April 5, 1973: Today may have marked full recovery for Elizabeth - saddling up at 7am and riding off to show off Mateo. Me too with a rainbow reboso cuddling the little mut to my chest riding through the cool morning air with the song and smell of the pines and Mom looking just as straight in the saddle as could be. We visited several people. First, and on our return, Dago and Mercha (the cowboy), 2 of their kids, 2 grown sisters, the father (cheese-maker) and the 3 hired hands; next to Troy's house (lumberman) for a visit with his cook and daughter (he's ill and in the States); then to Tom's house (other lumberman) and a visit with his Nicaraguan wife; next to the lumber mill store to see Dona Emilia and her sister (the fifty year old proprietor (black from the east coast - speaks English), one of their daughters who just had her first baby and another daughter who's now in love with and successfully raising rabbits (we gave her a pair a year ago); then to see Willie (black foreman) and a Spanish mechanic (who welded my broken tools a few months ago). They all cooed over the little fat, white Gringo baby and we weighed him at 10 pounds even! He was perfect for the whole trip - especially liking to sleep to the rock of the horse.

At the store we bought:
10 pounds rice -- $1.50
6 pounds sugar -- $0.75
2 pounds lard -- $0.90
5 bars soap -- $0.75
1 package candles -- $0.30
2 cans of dried milk -- $2.00
3 pounds of onions -- $1.00
1 bottle catsup -- $0.65
1 bottle grape soda! -- $0.15
TOTAL -- $8.50 (this is about what we have to buy every two weeks)

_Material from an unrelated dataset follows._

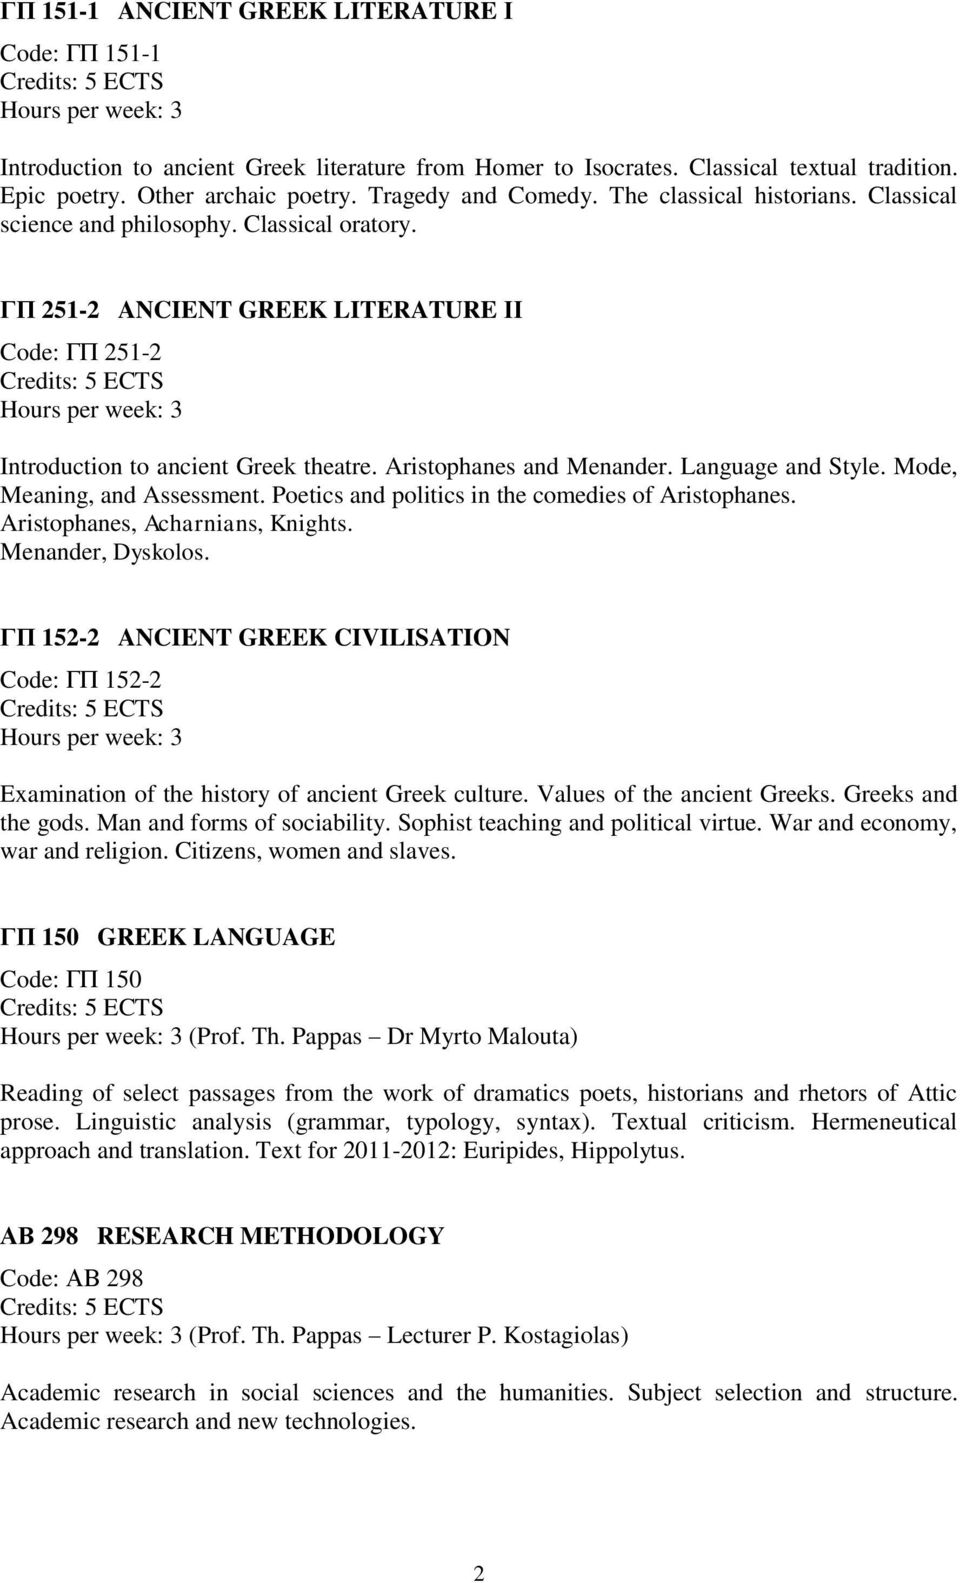 ΓΠ 251-2 ANCIENT GREEK LITERATURE ΙΙ Code: ΓΠ 251-2 Hours per week: 3 Introduction to ancient Greek theatre. Aristophanes and Menander. Language and Style. Mode, Meaning, and Assessment.

Yesterday I practiced my midwifery skills on our cow - she aborted her calf several months early and dead. Dammit -- and 24 hours later the umbilical cord was still hanging out her rear, so while Elizabeth held the rope, snubbed around a tree, I went in and did a D and C. Well, she's still alive and we're trying to get her milk to come in. No luck yet.

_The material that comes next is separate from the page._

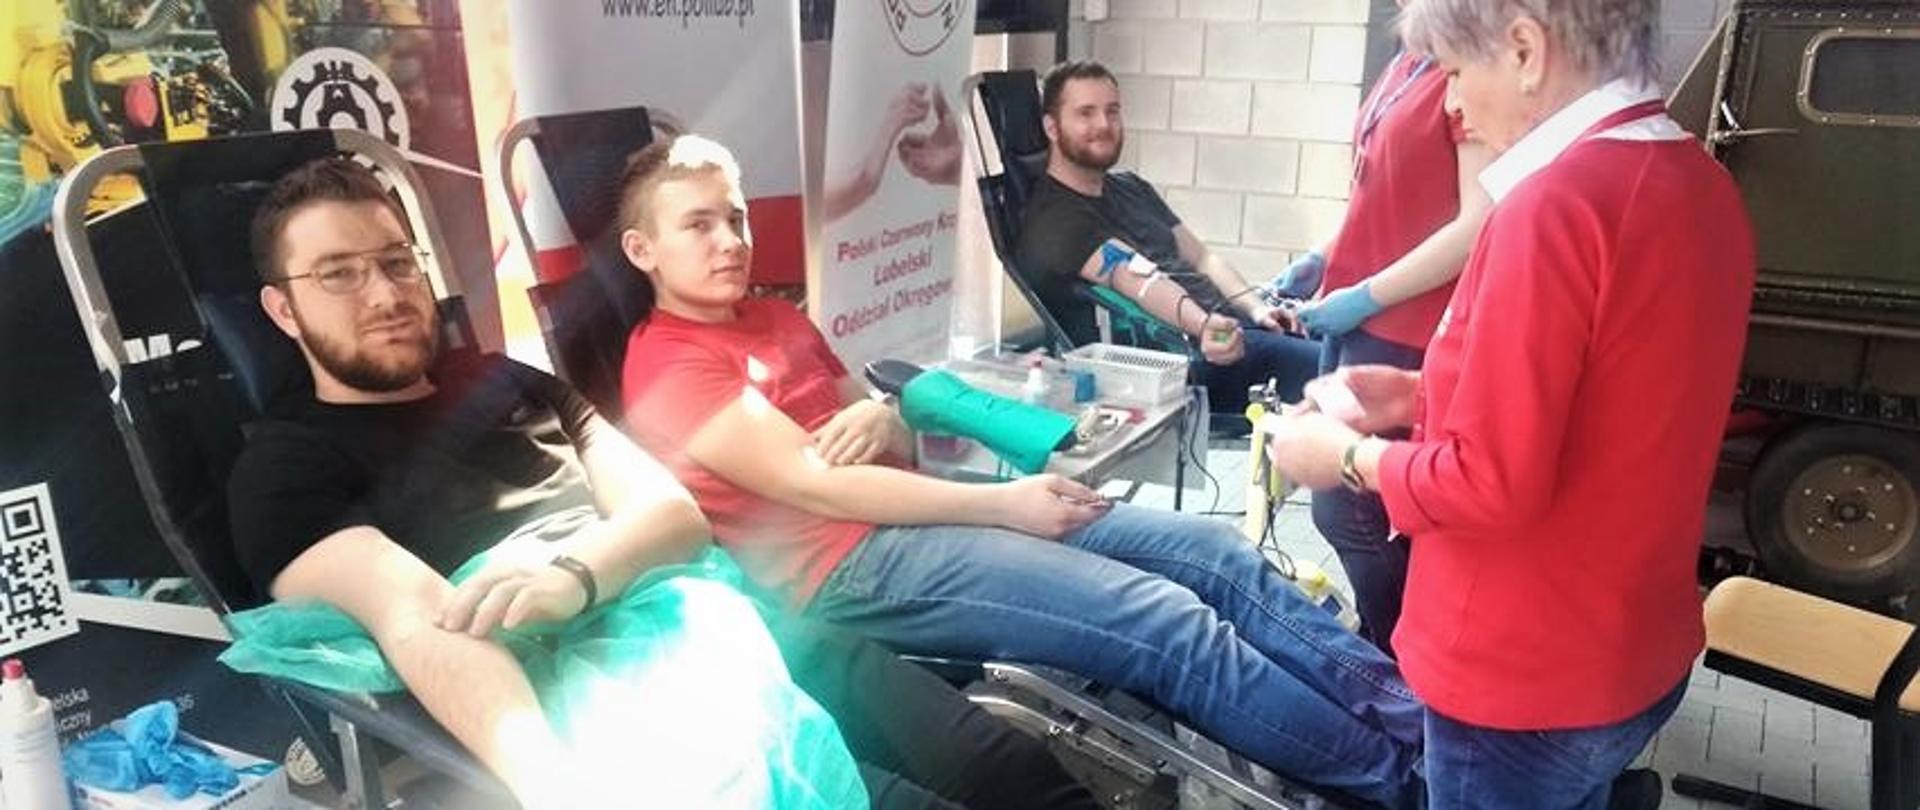 Dwudniowa akcja pobierania krwi na Politechnice Lubelskiej

April 14, 1973: We haven't been going out lately, but tomorrow I'm going to Totogalpa (10 miles past Ocotal) to meet Steve (the Peace Corp volunteer) and to help him bring two horses back to our farm. We will ride all night - cooler and it's now a full moon. The 45 miles should raise a sore or two - especially on our friend Steve, who's been working mostly behind a desk.

Elizabeth, Mateo, me, the cow, all other plants and animals are in fine shape. Mateo has grown into quite a little fellow - good sleeper, voracious eater (likes to suck on bananas!).

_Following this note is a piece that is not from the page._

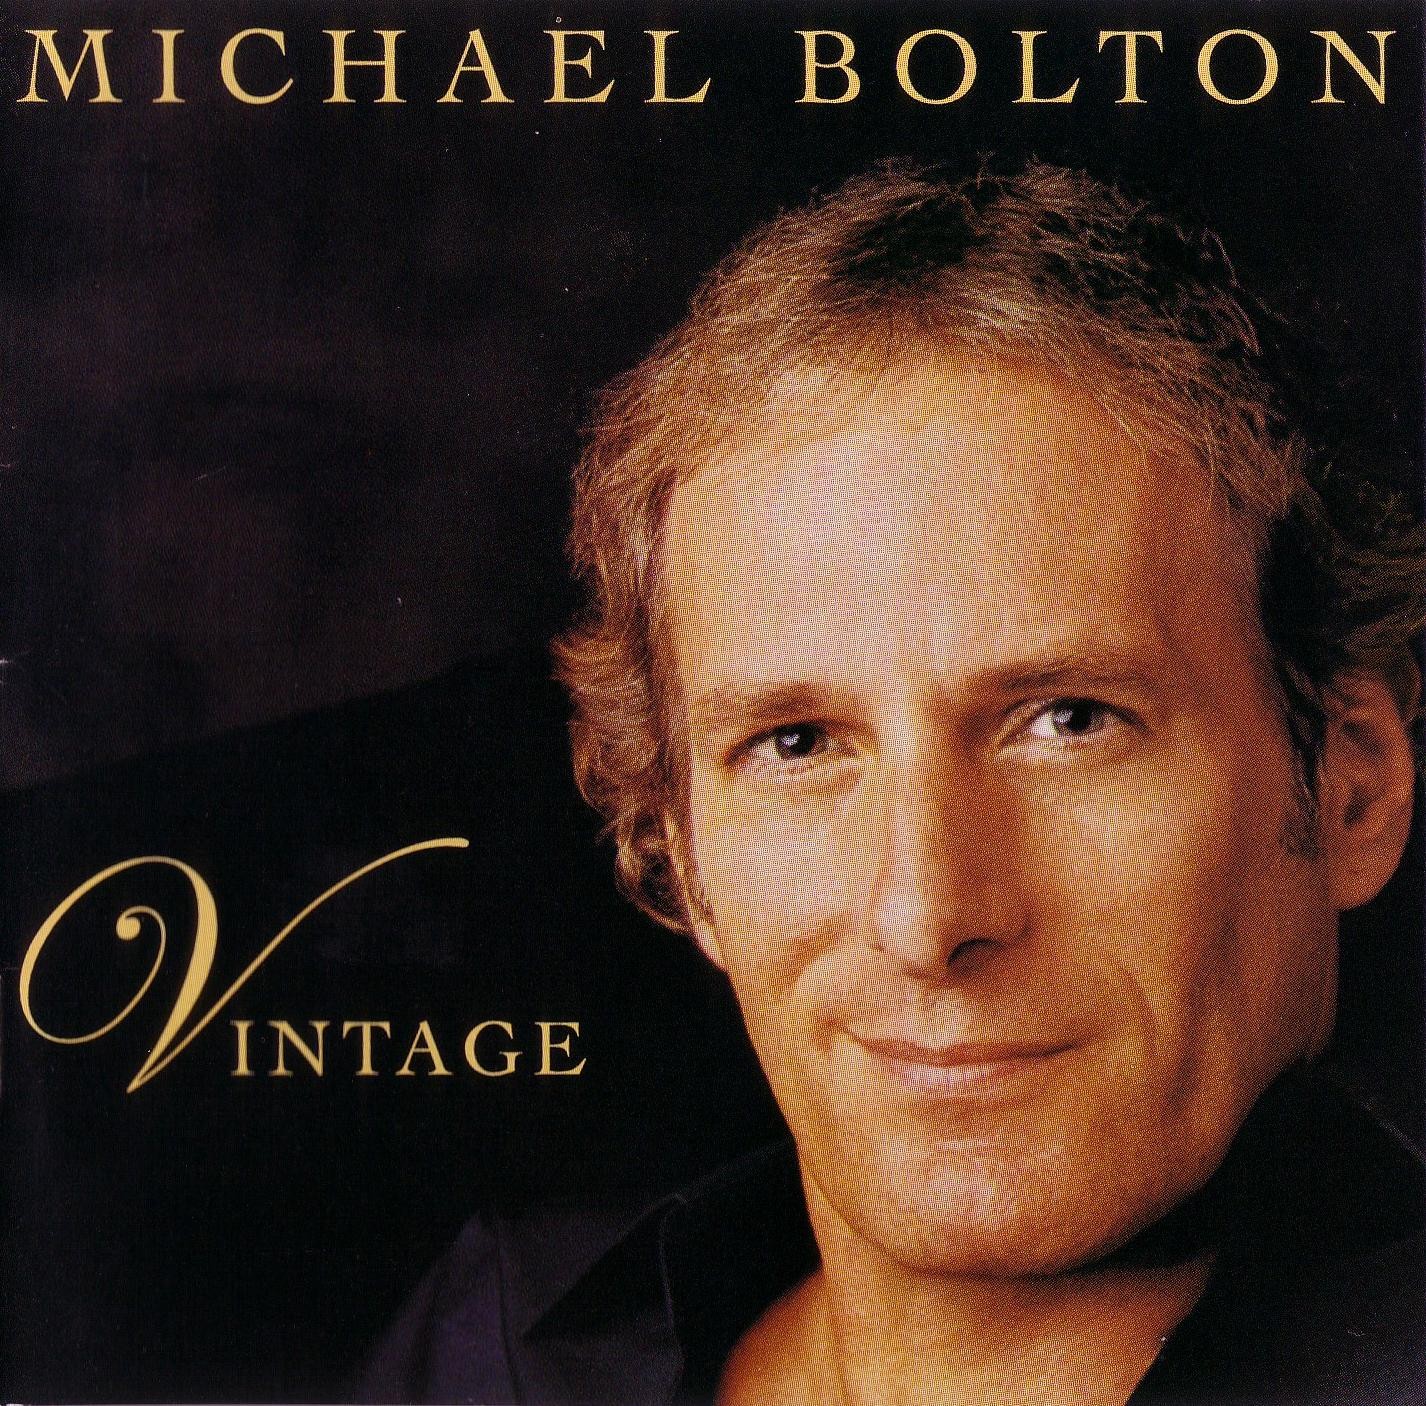 Michael Bolton Album Cover.

Lately we've been clearing new land in preparation for planting (a shower a week ago settled the dust and brought on cooler weather); tearing down the cabin we lived in for a year and using the materials to build a good chicken house and soon improvements on the barn and a caretaker/guest house attached to the barn.

April 14, 1973: We've built a bed, for Mateo - with a bell and mosquito net canopy. It fits in a hammock in the loft or downstairs. Thank goodness he's a good night sleeper and he's always up with the first light of day.
Right now we're really into our farm and anxious for the May rains and a great planting.

May 9, 1973: Tomorrow we plan to ride to Santa Clara for cement. We have discovered that by horse trail Santa Clara is closer than San Fernando and also has a better store so we are changing our mailing address to Santa Clara. We have been having a fine time lately - working on building projects and waiting for the rains to begin. Our old tent/cabin is completely gone. We have only the so many special memories attached to it and the big nanci tree that marks its spot. We have completed a new guest/caretaker house next to the barn. Steve, who left only yesterday, helped us a lot on it. He lived in it once it was far enough along and adopted it as his special project.

May 24, 1973: The rains have come - beautiful earthy smells and plants popping out all over. We're planting like mad - probably four times more than ever before - twenty different varieties of peas and beans!